Different from the function plot.tsglm(), users need to
provide an input as the markers for effective pixels. The markers in our
example here are the LASSO estimates, and by specifying
marks = l1B, the pixels with non-zero coefficients are then
marked. In addition, by specifying markstyle = "bi-dir", as
shown in Figure 6, the pixels marked out
with red rectangles correspond to those of positive LASSO estimates, and
the pixels with blue rectangles are those of negative LASSO
estimates.
library(glmnet)
# Vectorize the hand-written images
xv <- t(sapply(1:dim(train_X)[3], function(k) as.vector(train_X[,,k])))
# Train the LASSO model using cross-validation
set.seed(2021) # Set seed for reproducibility
l1Mdl <- cv.glmnet(xv, train_y, family = "binomial", alpha = 1, standardize = FALSE)
# Draw the LASSO coefficients from the best model
l1B <- matrix(l1Mdl$glmnet.fit$beta[,which.min(l1Mdl$cvm)], 10, 10)
# The LASSO estimates
print(round(l1B, digits = 3))
#> [,1] [,2] [,3] [,4] [,5] [,6] [,7] [,8] [,9] [,10]
#> [1,] -0.247 0.000 0.253 0.000 -0.409 0.000 0.000 0.000 0.000 0.000
#> [2,] -0.559 0.000 0.000 0.000 -0.200 0.000 0.000 0.000 -0.691 0.000
#> [3,] 0.000 0.000 -0.248 -0.513 0.000 1.287 0.000 0.000 0.000 -0.914
#> [4,] 0.000 0.000 -1.526 -1.805 0.734 1.237 1.804 0.000 0.000 -0.254
#> [5,] 0.142 0.000 -0.593 -0.795 0.000 1.280 0.929 0.000 -0.699 -0.738
#> [6,] 1.625 -0.251 0.000 -1.429 -0.527 0.000 0.000 0.000 0.000 -0.592
#> [7,] 0.592 -0.136 -0.668 -0.554 0.000 0.000 0.000 -0.406 -0.397 -0.285
#> [8,] 0.074 -0.204 0.000 -0.757 0.265 -0.211 -1.082 0.000 0.000 0.000
#> [9,] 0.000 -0.574 0.000 0.000 0.360 -1.558 0.000 0.000 0.638 0.000
#> [10,] 0.000 0.000 -0.628 -0.144 0.000 0.000 0.479 1.340 0.303 0.845
# Draw for visualizing effective pixels identified by LASSO for both background images
par(mfrow = c(1, 2), mar = c(1, 1, 1, 1))
draw.coef(img = xm0, marks = l1B, markstyle = "bi-dir", showlabels = FALSE,
plot.legend = FALSE, grids = FALSE, col = gray(seq(0, 1, 0.05)))
draw.coef(img = xm1, marks = l1B, markstyle = "bi-dir", showlabels = FALSE,
plot.legend = FALSE, grids = FALSE, col = gray(seq(0, 1, 0.05)))

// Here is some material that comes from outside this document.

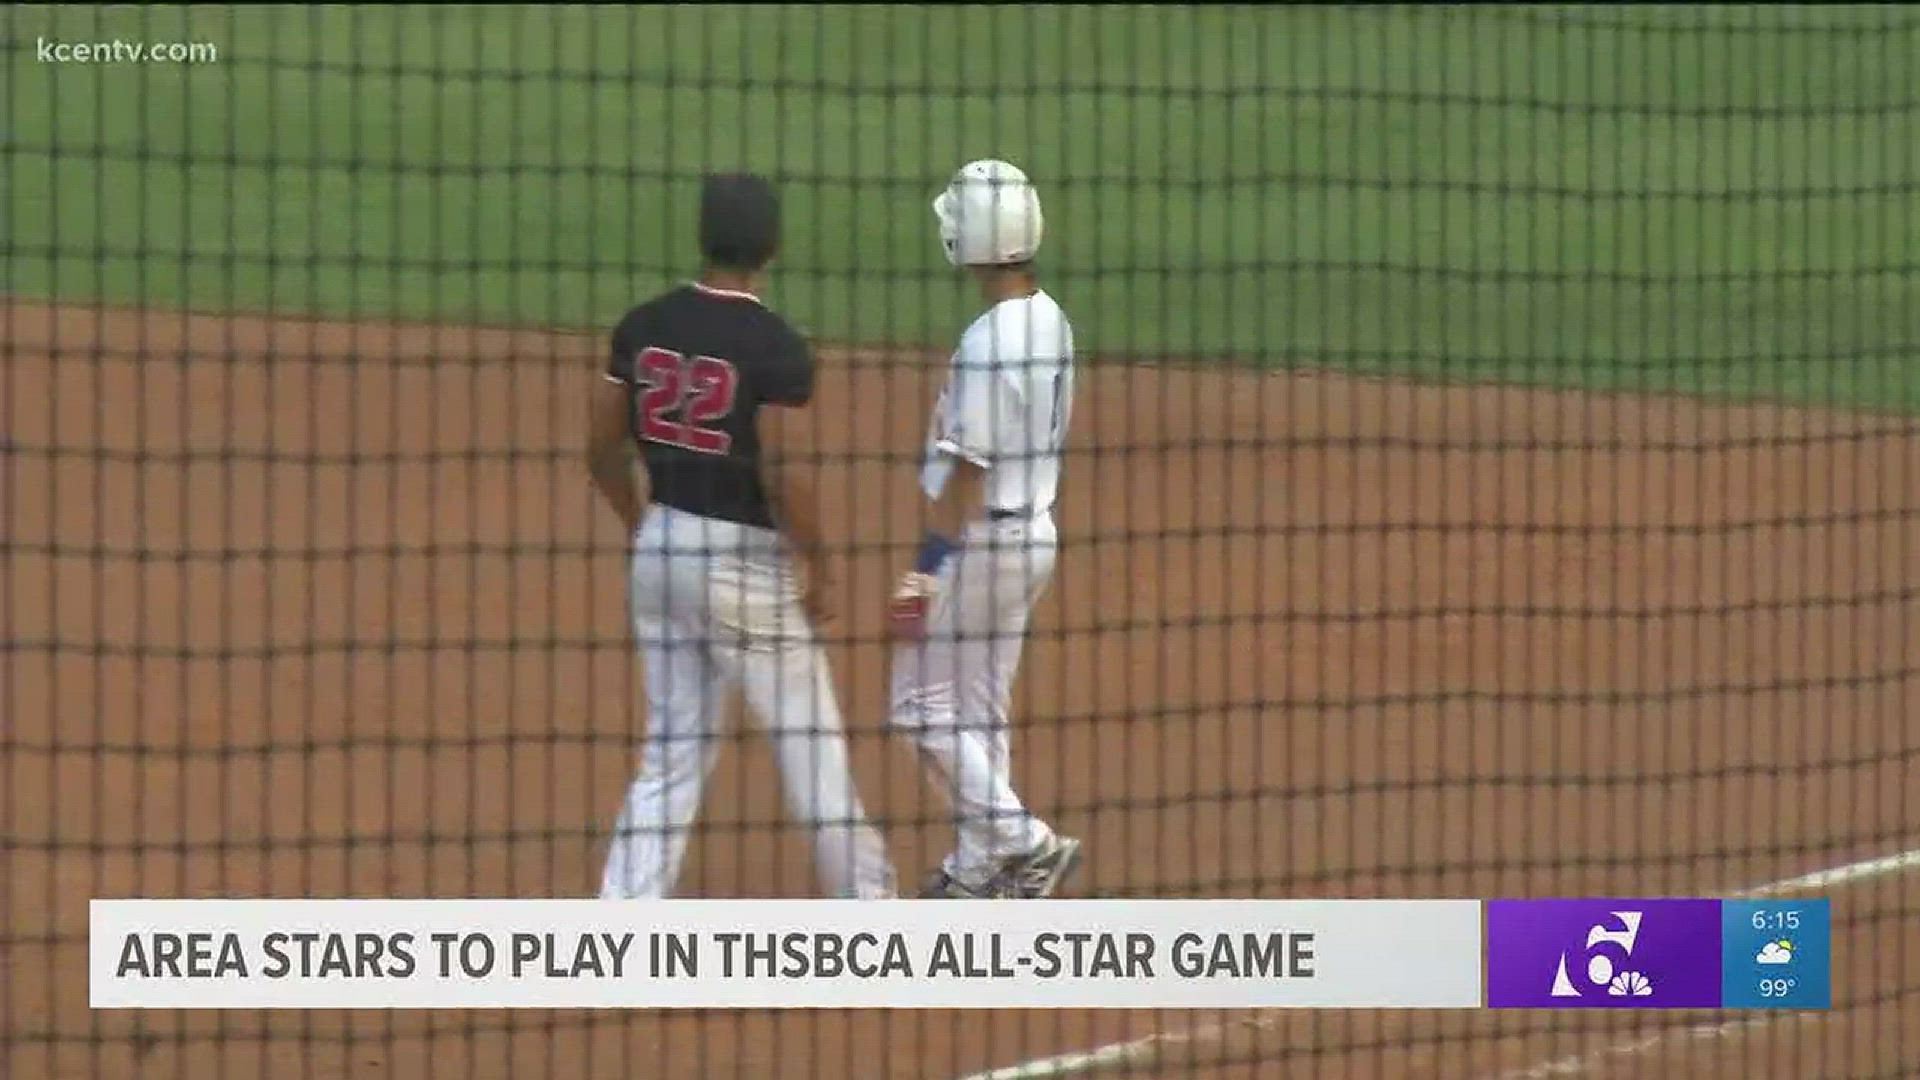 The 45th Annual Texas High School baseball coaches association all-star game will be played tomorrow afternoon at Dell Diamond in Round Rock.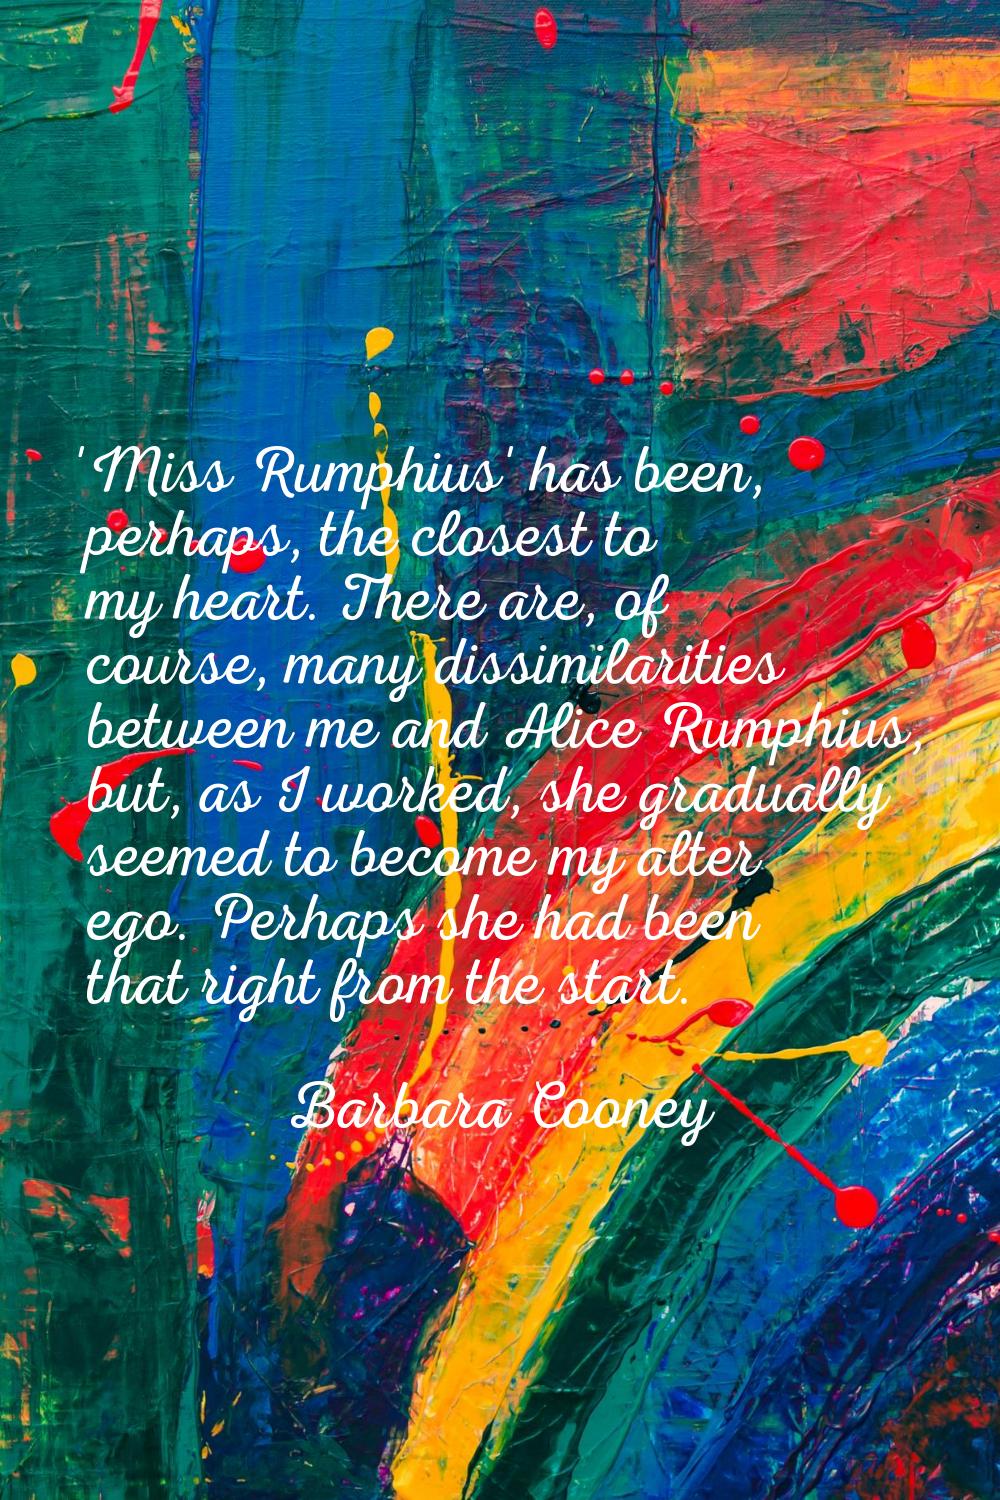 'Miss Rumphius' has been, perhaps, the closest to my heart. There are, of course, many dissimilarit

Issues in estimation and test of hypothesis that emerged from fitting regression models with predictor variables that has a matrix form are of our major interest. Low-rank modelling can be applied to improve the efficiency of estimation. In this line, we developed the R package TensorTest2D to conduct tensor regression analysis within the framework of generalized linear models. In addition to model estimation and hypothesis testing, this package also includes a visualization tool that can be used to indicate the positions of effective or significant pixels when the tensor predictor is of image data type.